Jan Nowicki zmarł 7 grudnia, miesiąc po swoich 83. urodzinach, pozostawiając najbliższych i środowisko artystyczne w szoku i smutku. O śmierci poinformowano m.in. w programie „Pytanie na śniadanie”, w którym od lat pracuje jego syn, Łukasz Nowicki.
„Pytanie na śniadanie”: Przekazano ważną informację. Dziś zostanie pochowany Jan Nowicki
Grudniowa „czarna seria” zebrała przykre żniwo. Właśnie dowiedzieliśmy się o śmierci założyciela i honorowego prezesa TVN, Mariusza Waltera. Informacji tej nie zabrakło także w najświeższych newsach konkurencyjnej śniadaniówki. Katarzyna Cichopek i Maciej Kurzajewski także złożyli hołd zmarłemu.

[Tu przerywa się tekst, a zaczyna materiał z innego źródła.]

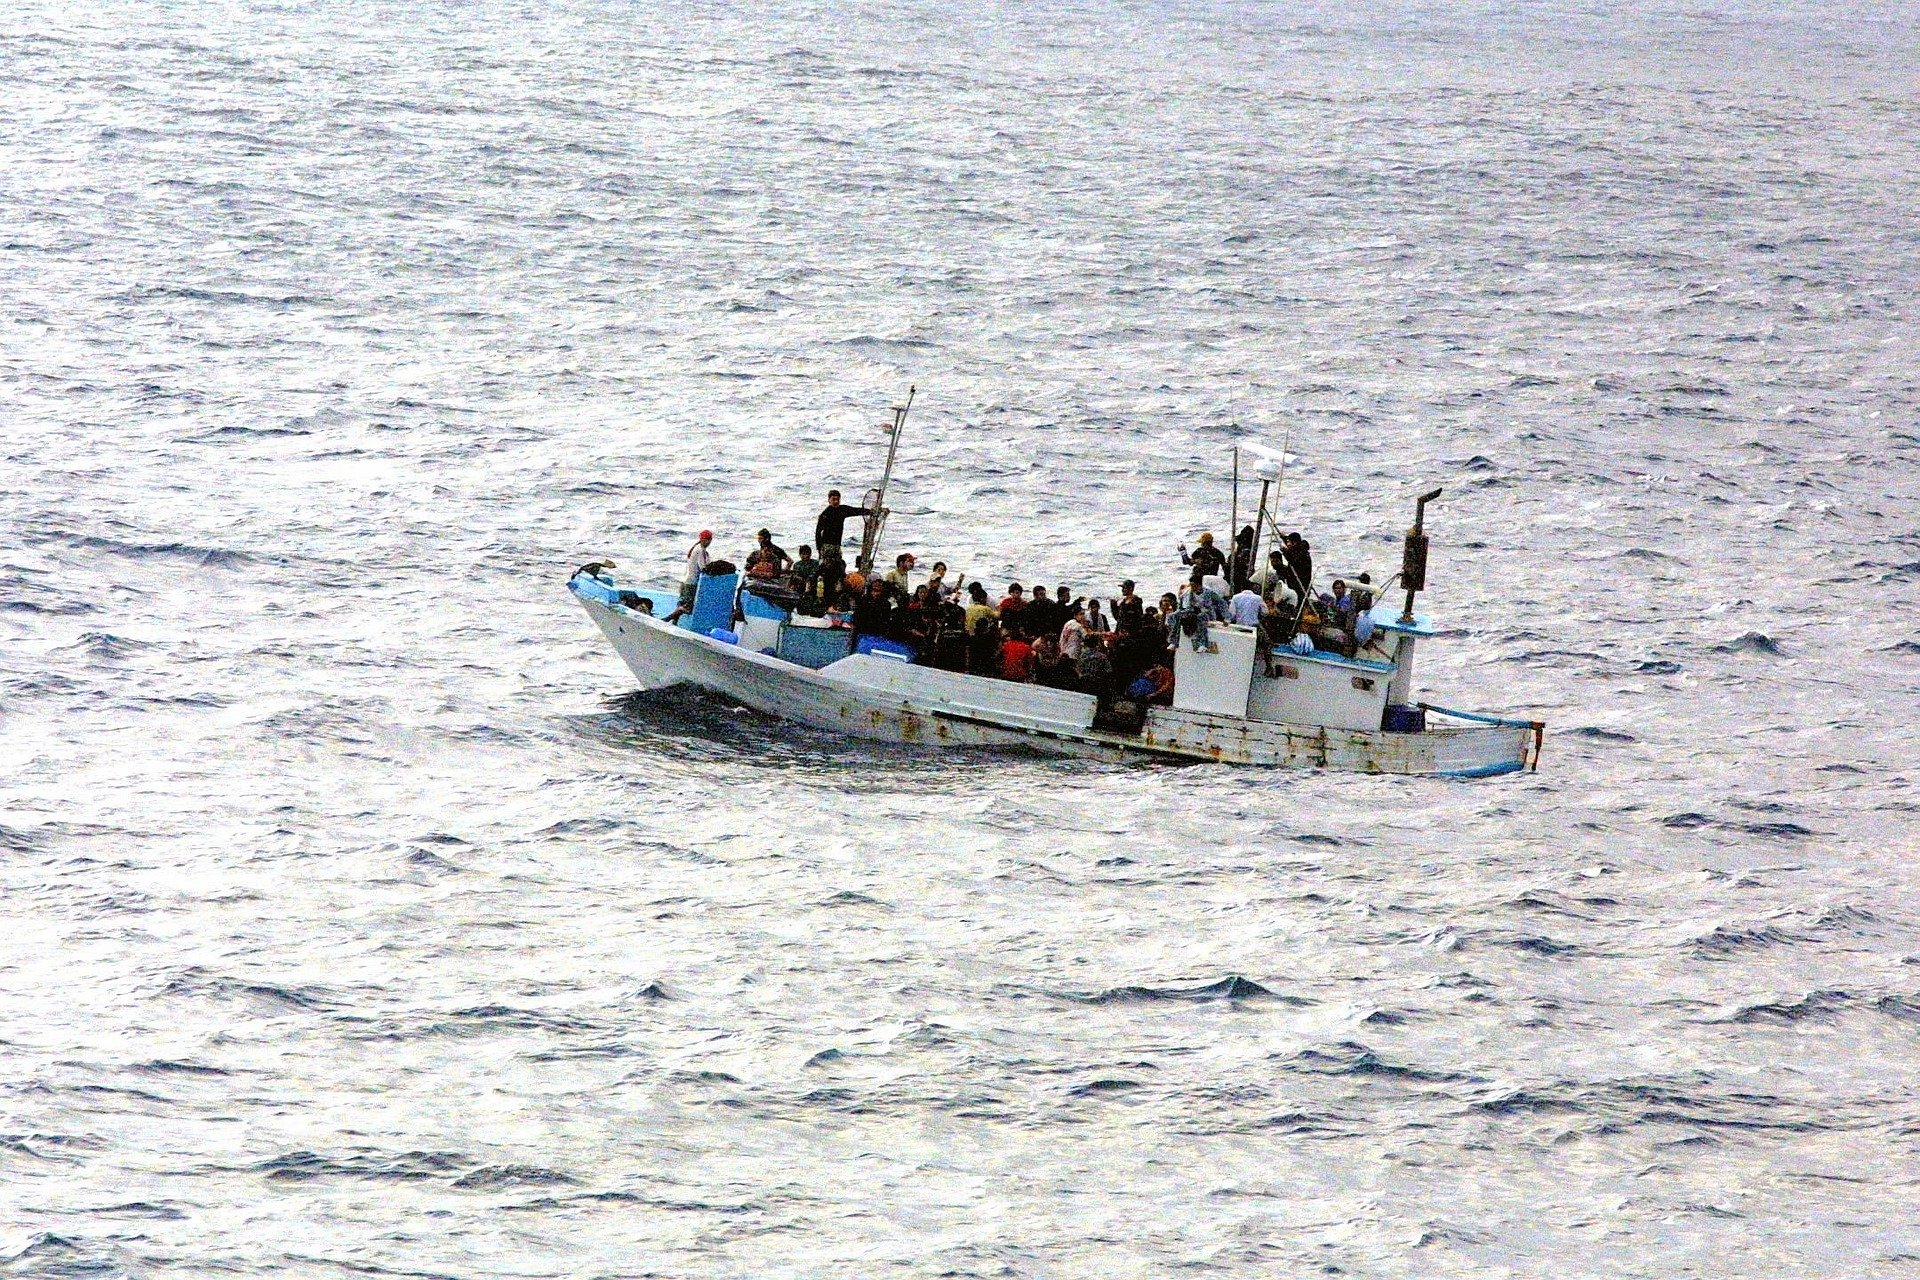 45 migrant périssent dans un naufrage au large des côtes libyennes, selon l’OIM

– „Telewizja to sztuka zbiorowa”. Tak o swojej pracy w mediach mówił Mariusz Walter. Z TVP współpracował od lat 60. […] wielokrotnie miałem okazję rozmawiać z panem Mariuszem o sporcie i to zawsze były wyjątkowe rozmowy – wspominał prezenter.
Nie był to jednak koniec, gospodarze „Pytania na śniadanie” mieli jeszcze jedną wiadomość do przekazania. Aktorka z powagą i namaszczeniem ogłosiła, że Jan Nowicki, ikona polskiego kina i ojciec ich kolegi Łukasza zostanie pochowany w środę. Wiadomo już, że spocznie na cmentarzu parafialnym w swoim ukochanym Kowalu.
Redakcja uczciła pamięć artysty, przygotowując krótkie wideo, na którym klatki z najbardziej kultowych produkcji, w których grał przeplatały się z poruszającymi serca wypowiedziami na temat przemijania i śmierci.
Niesamowicie było znów usłyszeć spokojny głos aktora, kiedy mówił o tym, że wszystko ma swój koniec, a „śmierć nie lubi komentarza”. Przez moment głos na taśmie zabrał także jego syn. Łukasz Nowicki określił tatę jako mężczyznę, który „musi żyć pełnią życia, albo w ogóle”.
Zobaczyliśmy ujęcia z takich filmów jak „Spirala” (reż. Krzysztof Zanussi, 1978), „Magnat” (reż. Filip Bajon, 1987), „Sanatorium pod klepsydrą” (reż. Wojciech Has, 1973) i oczywiście niezapomniany „Wielki Szu” (reż. Sylwester Chęciński, 1983).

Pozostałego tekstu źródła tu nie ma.